What is Parkinson’s Disease?
Parkinson’s disease (PD) occurs when nerve cells in the brain that produce the chemical dopamine become damaged or die. Dopamine is crucial for coordinated muscle and movement control. A person must lose an estimated 60% (or more) of dopamine-producing cells before noticeable changes can be detected.
Over time, the decline in dopamine levels begins to cause difficulties with movement, including tremor, slowness of movement, stiffness, and changes in walking and balance. While no two people experience Parkinson’s in the same way, for most, disease advancement is gradual, and lifespan is normal.
Approximately one million Americans currently have Parkinson’s disease, making it the second most frequent degenerative brain disorder in the United States, after Alzheimer’s disease.
Parkinson’s disease occurs most often during adulthood and affects both men and women. The most significant risk for developing PD is increasing age, with 90-95% of cases are patients older than 50.

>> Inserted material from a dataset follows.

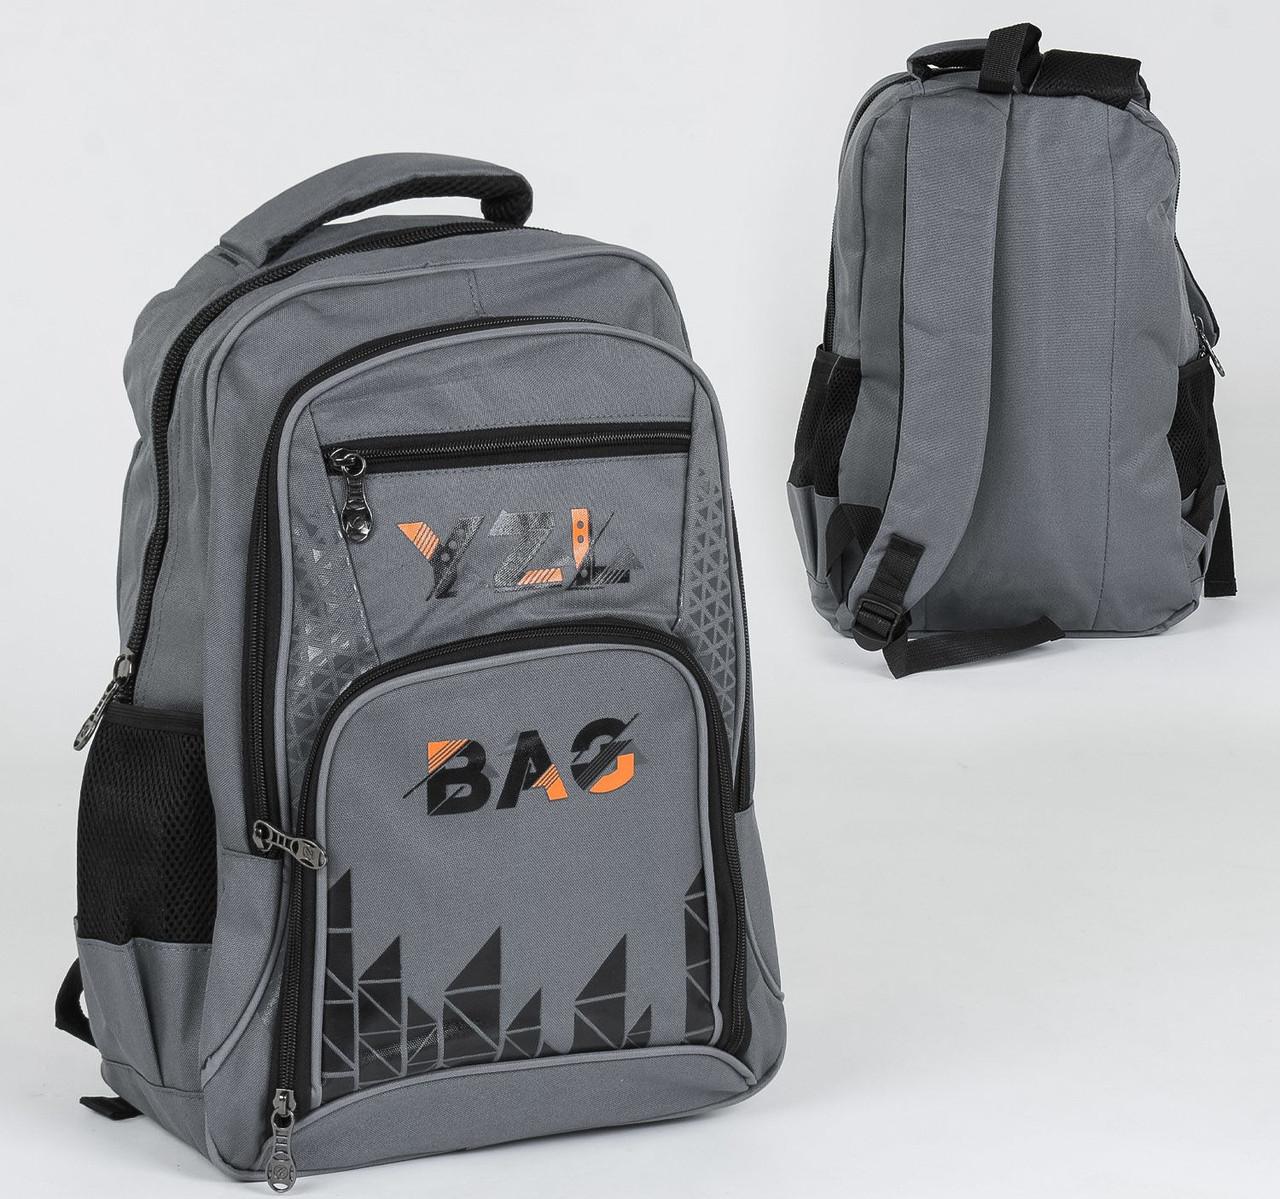 Школьный серый рюкзак для мальчика (2 отделения, 4 кармана, мягкая спинка)

Unfortunately, there is no definitive test for PD. Neurologists review your medical history and perform thorough neurological examinations to make the diagnosis. The clinical symptoms of PD are unique and often detectable via a neurologic exam. Some things your physician may evaluate include:
- Open and closing of hands
- Tapping fingers
- Walking and balance
- Stiffness when moving limbs
- Presence of tremor
- Use of voice
In some instances, response to certain medications can help your physician diagnose Parkinson’s disease.
While Parkinson’s disease cannot be seen on a traditional brain scan, occasionally more sophisticated imaging is recommended. DaTscan (Ioflupane 123I injection) is a specialized radioactive tracer that is injected into the blood. The tracer then attaches itself to the dopamine neurons. People with PD will typically have reduced uptake of the tracer because they have fewer dopamine neurons. While this is usually not necessary, it can be helpful when your physician is not confident in the diagnosis.
For more information about the diagnosis, please contact your physician.
Causes and Prevention
Currently, the exact causes of Parkinson’s disease are still unknown. Many research studies are focused on finding the cause of Parkinson’s disease to develop ways to delay symptoms or find a cure.
In some patients; genetics, environmental risk factors, and lifestyle choices may play a role in triggering PD. Most scientists believe the interaction of all three factors determines if someone will develop PD. Genetic mutations alone cause about 10 to 15 % of all Parkinson’ss cases, and scientists have discovered dozens of gene mutations linked to PD.
Environmental risk factors include:
- Pesticide exposure
- Head trauma
- Location of residence
Factors that may help reduce the risk of developing the disease include:
- Exercise and lifestyle
- Maintaining mobility and flexibility
- Gender: PD is less common in women than in men
- Age: the largest risk factor is aging
- Caffeine: people who drink 2 cups of caffeine during the day seem at lower risk
- Medications: some studies have suggested that the use of statins (drugs used to lower cholesterol levels) and anti-inflammatories are associated with reduced risk of PD
The disease is usually treated with medications that increase dopamine levels in the brain. While these medications are quite effective, no medication has been shown to slow or reverse PD progression.